INFORMATION PROVIDED>
....

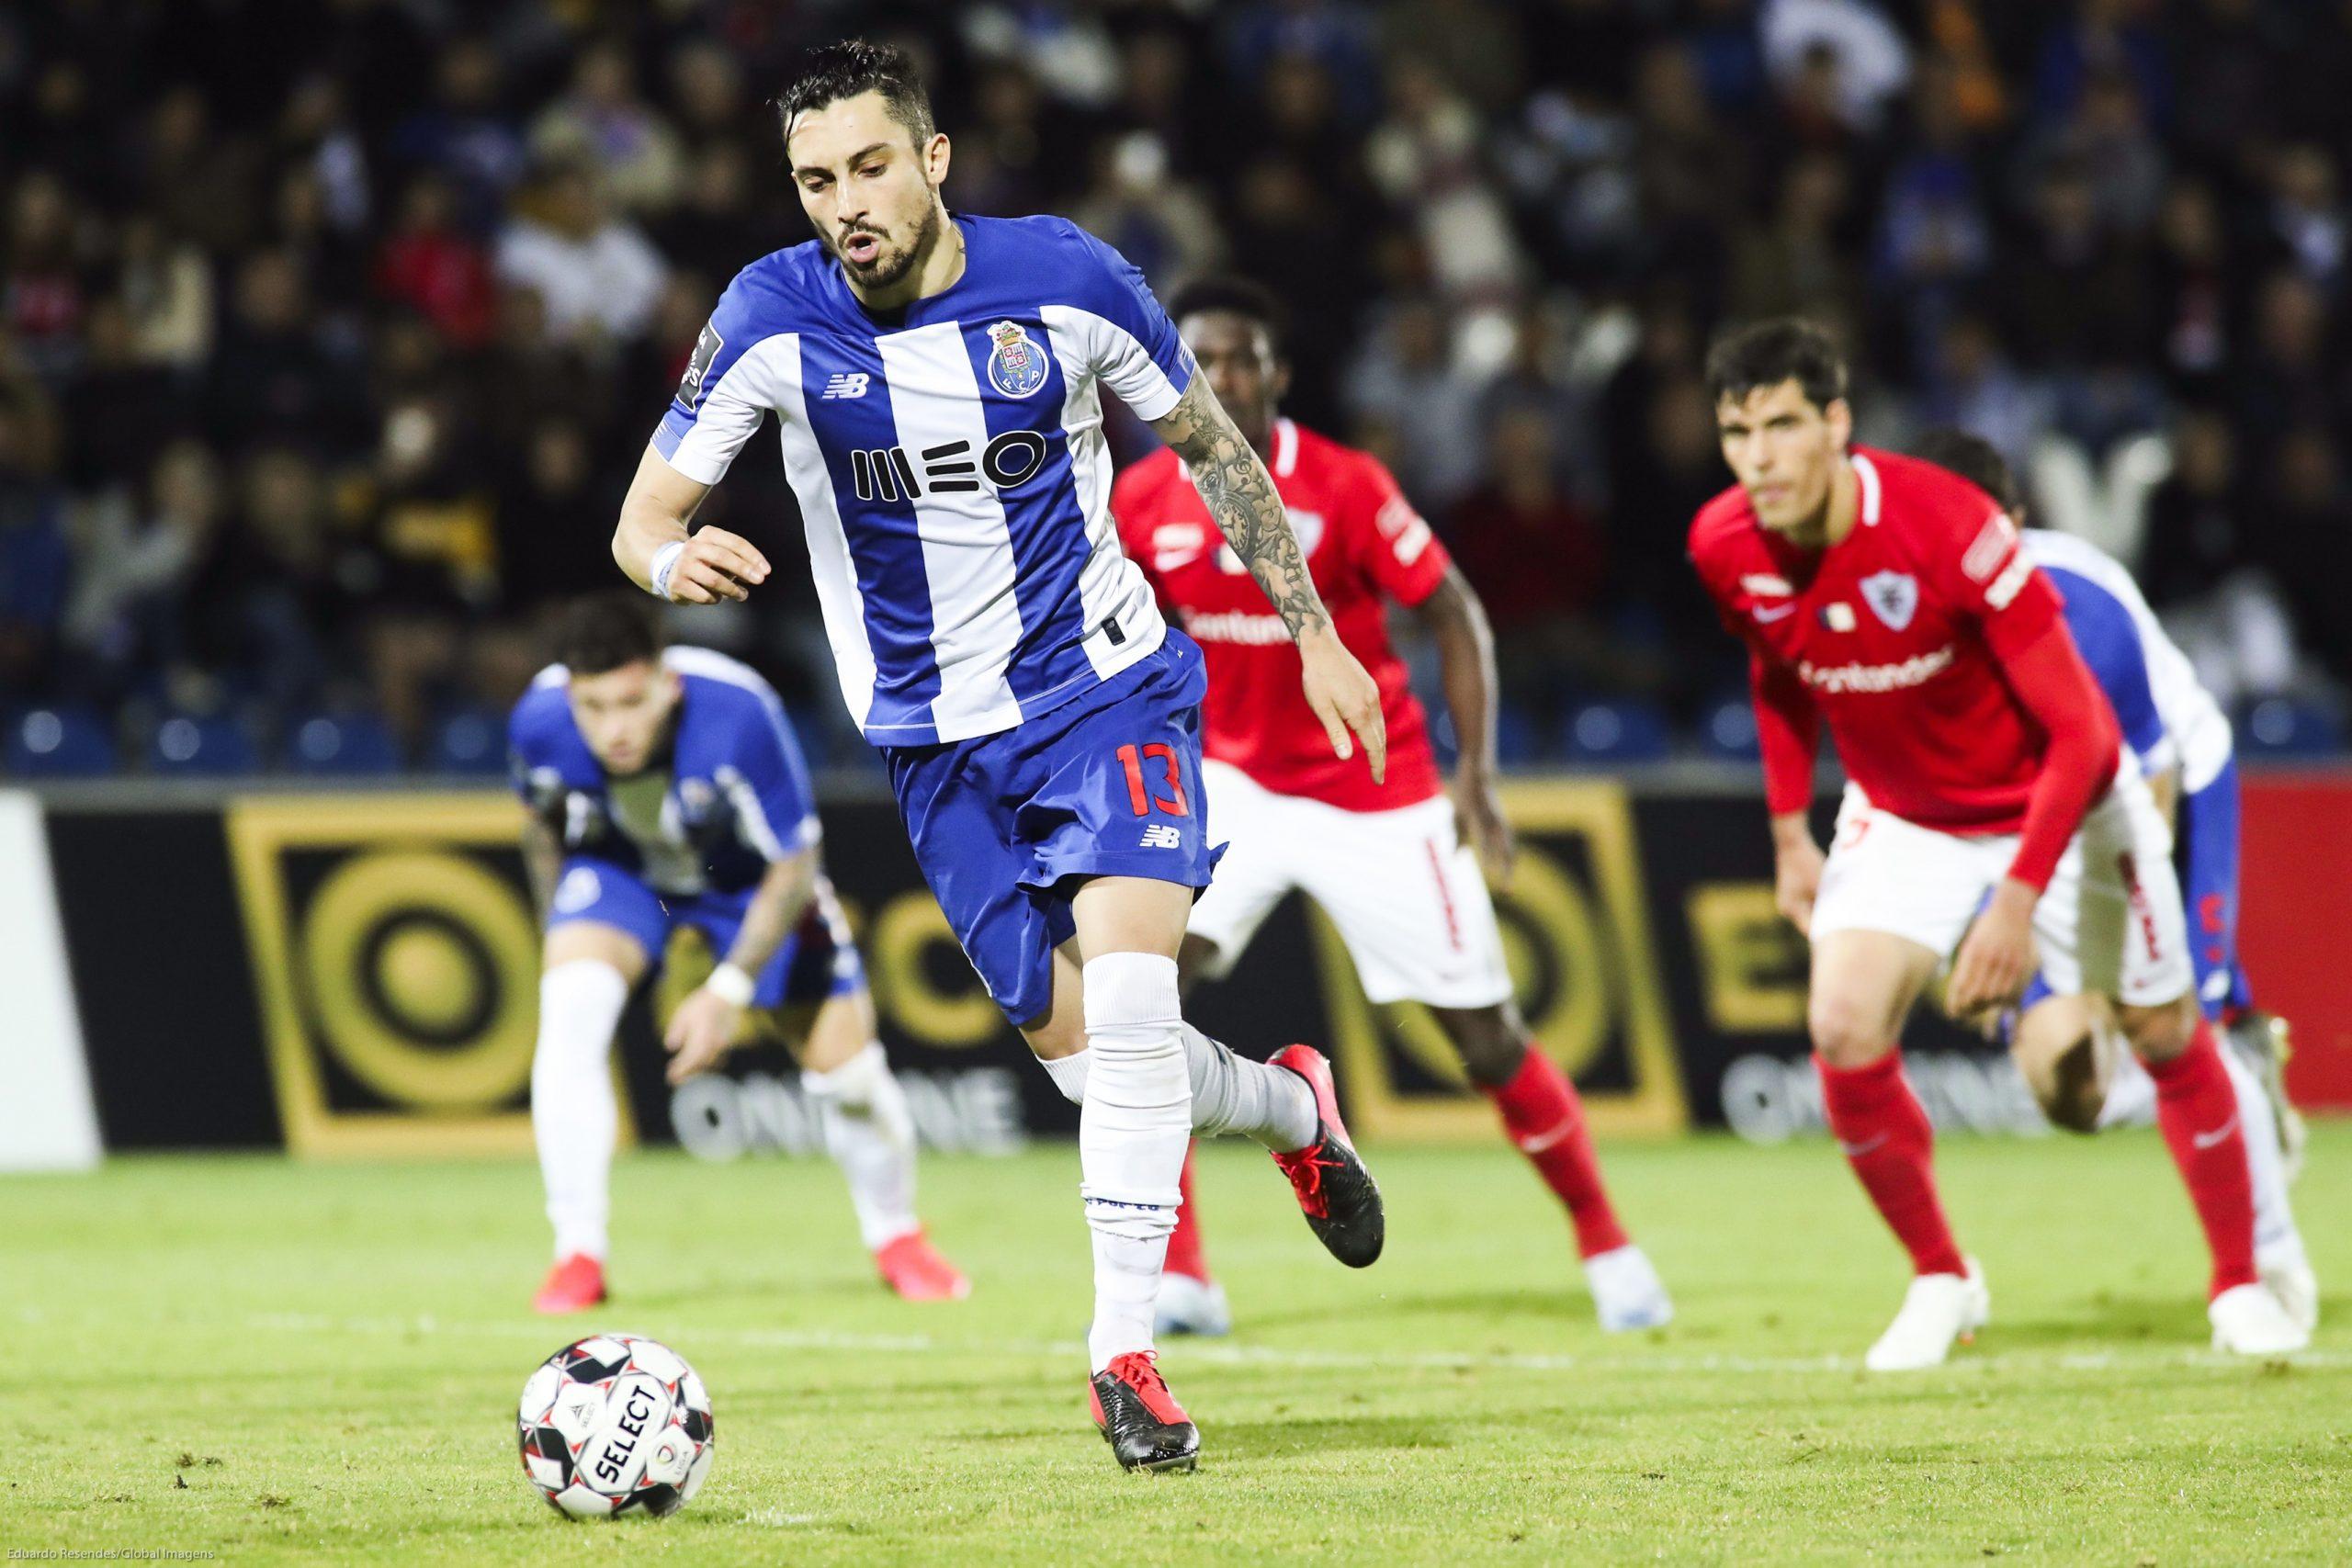 Mercato - Le PSG officiellement en négociation avec Porto pour Alex Telles, selon O Jogo
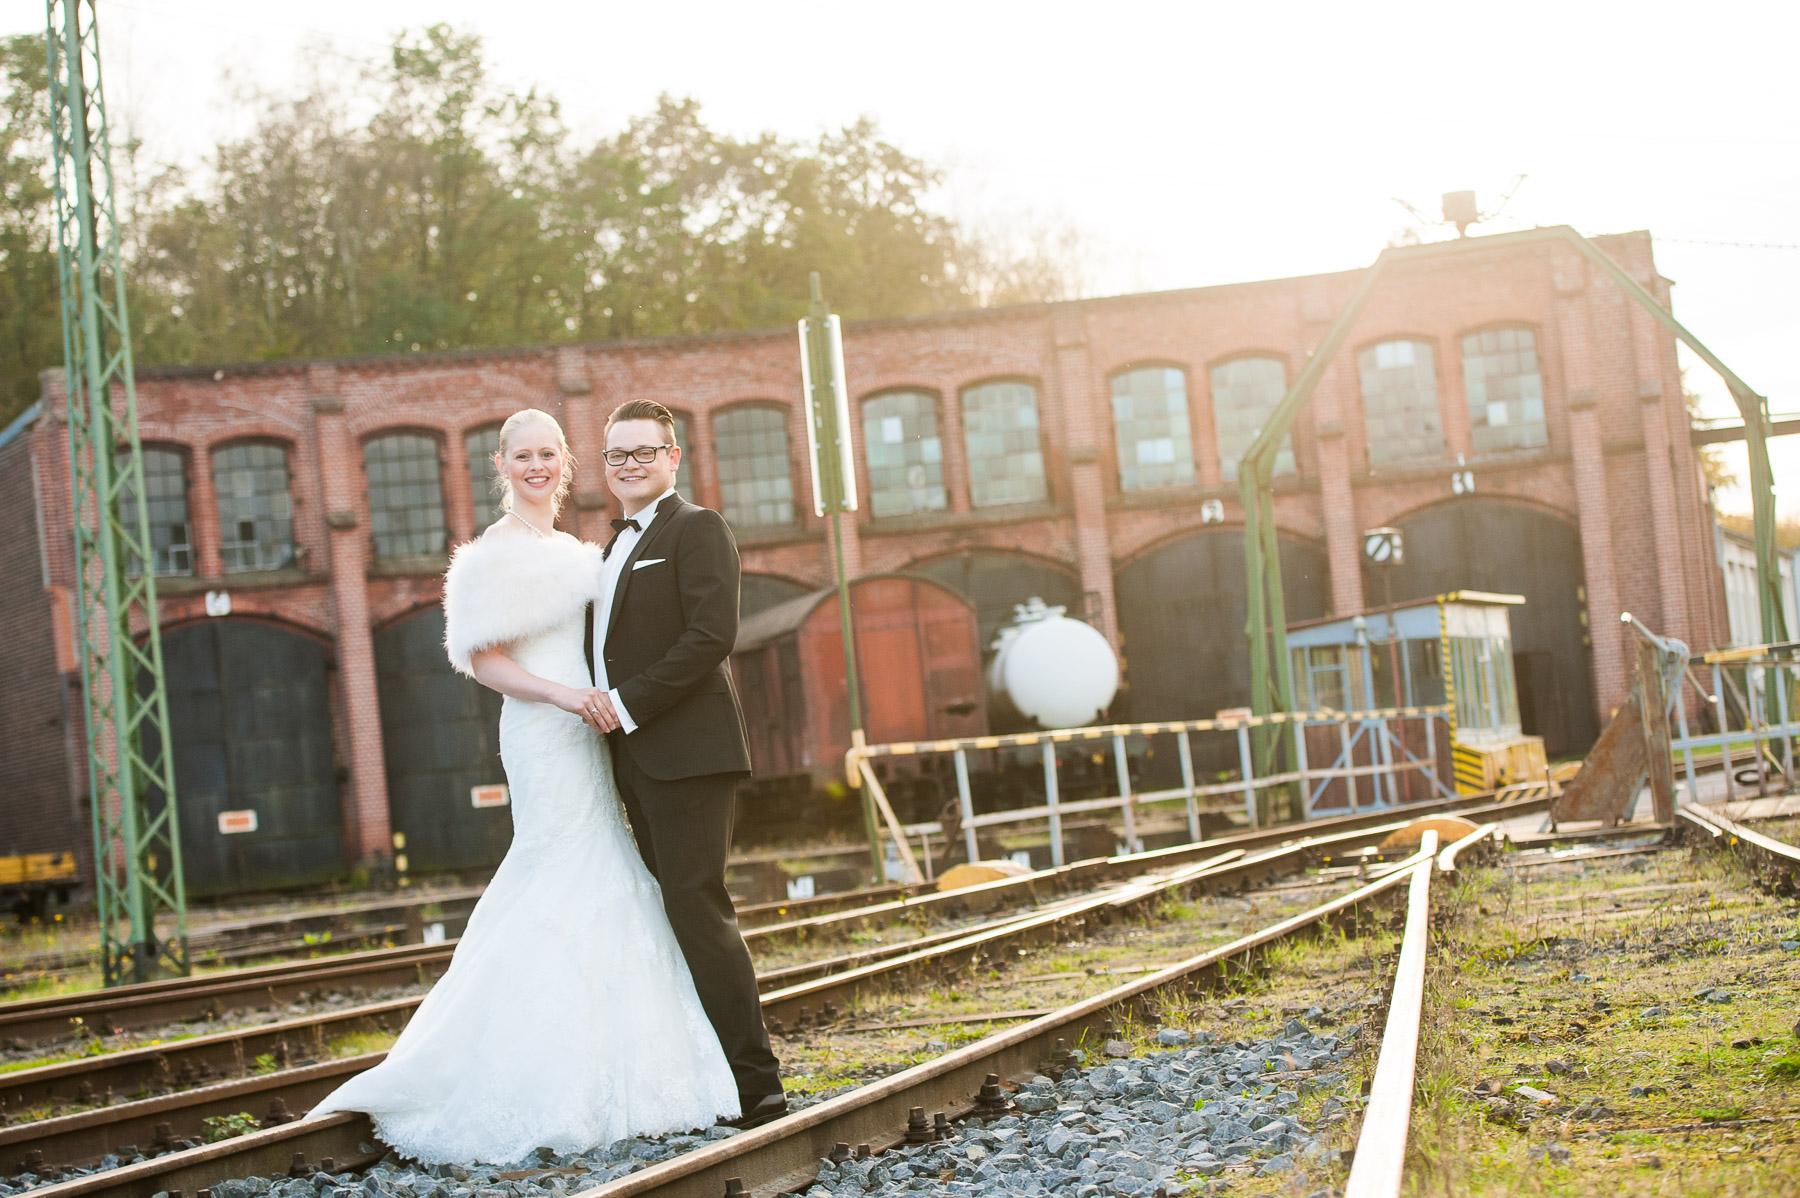 Hochzeitsbilder-nach-der-Hochzeit-9
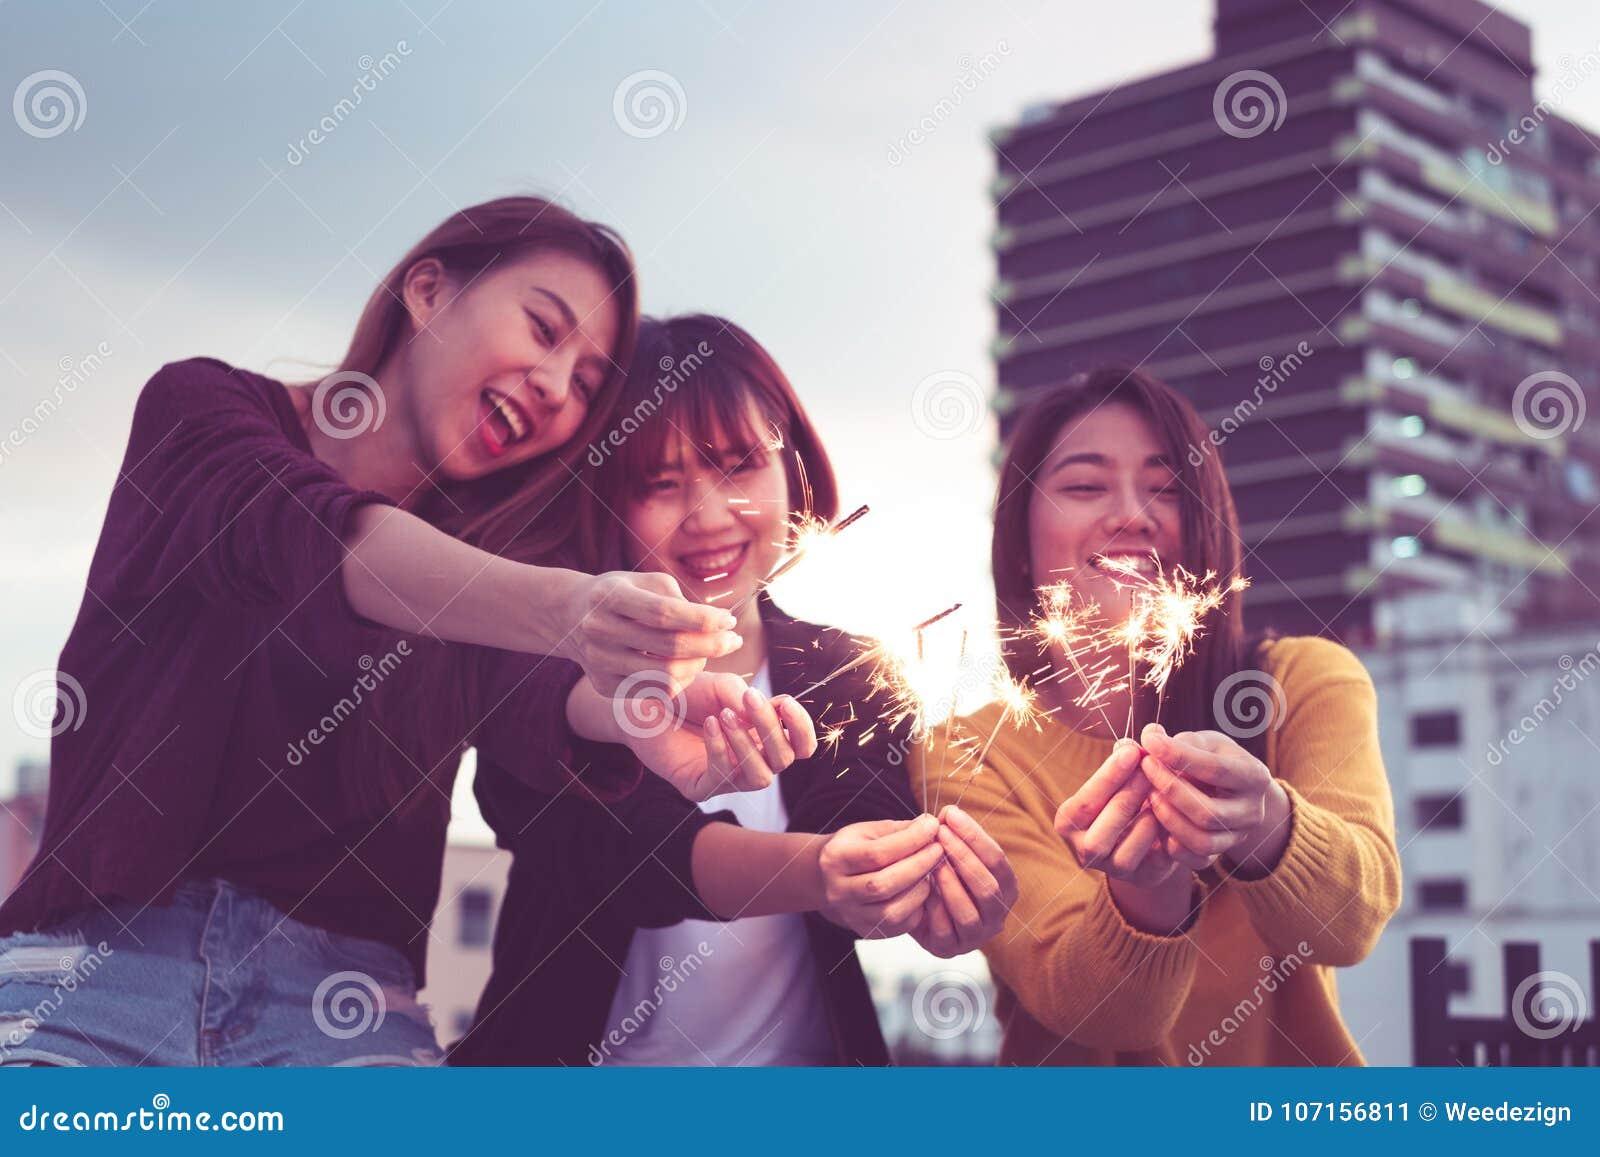 Glückliche Gruppe Asien-Freundinnen genießen und spielen Wunderkerze am Dach
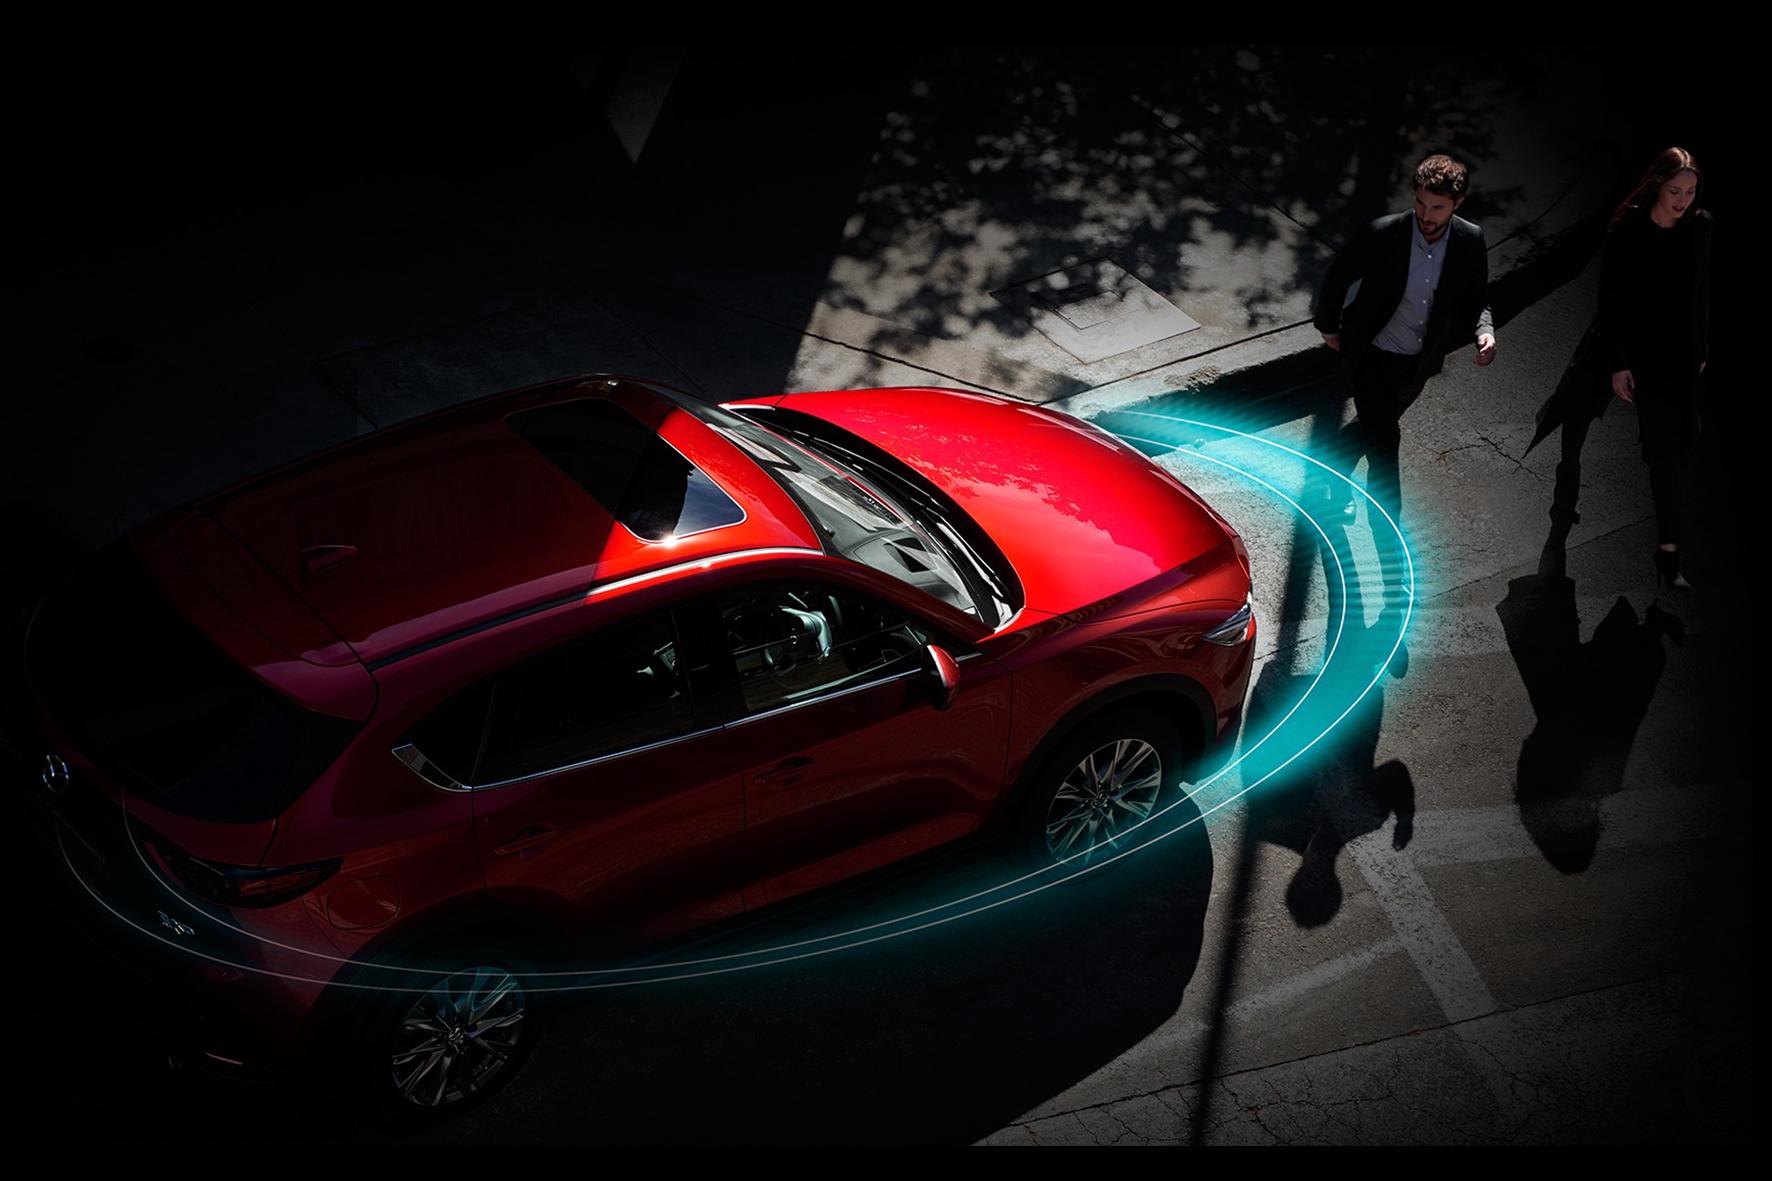 Ưu thế nào giúp Mazda CX-5 'thống lĩnh' phân khúc SUV cỡ trung tại Việt Nam? - Ảnh 1.

....

Output all of the data above exactly; no pictures should appear.

TASK RESULT>
 Mercato - Le PSG officiellement en négociation avec Porto pour Alex Telles, selon O Jogo
 Hochzeitsbilder-nach-der-Hochzeit-9
 Glückliche Gruppe Asien-Freundinnen genießen und spielen Wunderkerze am Dach
 Ưu thế nào giúp Mazda CX-5 'thống lĩnh' phân khúc SUV cỡ trung tại Việt Nam? - Ảnh 1.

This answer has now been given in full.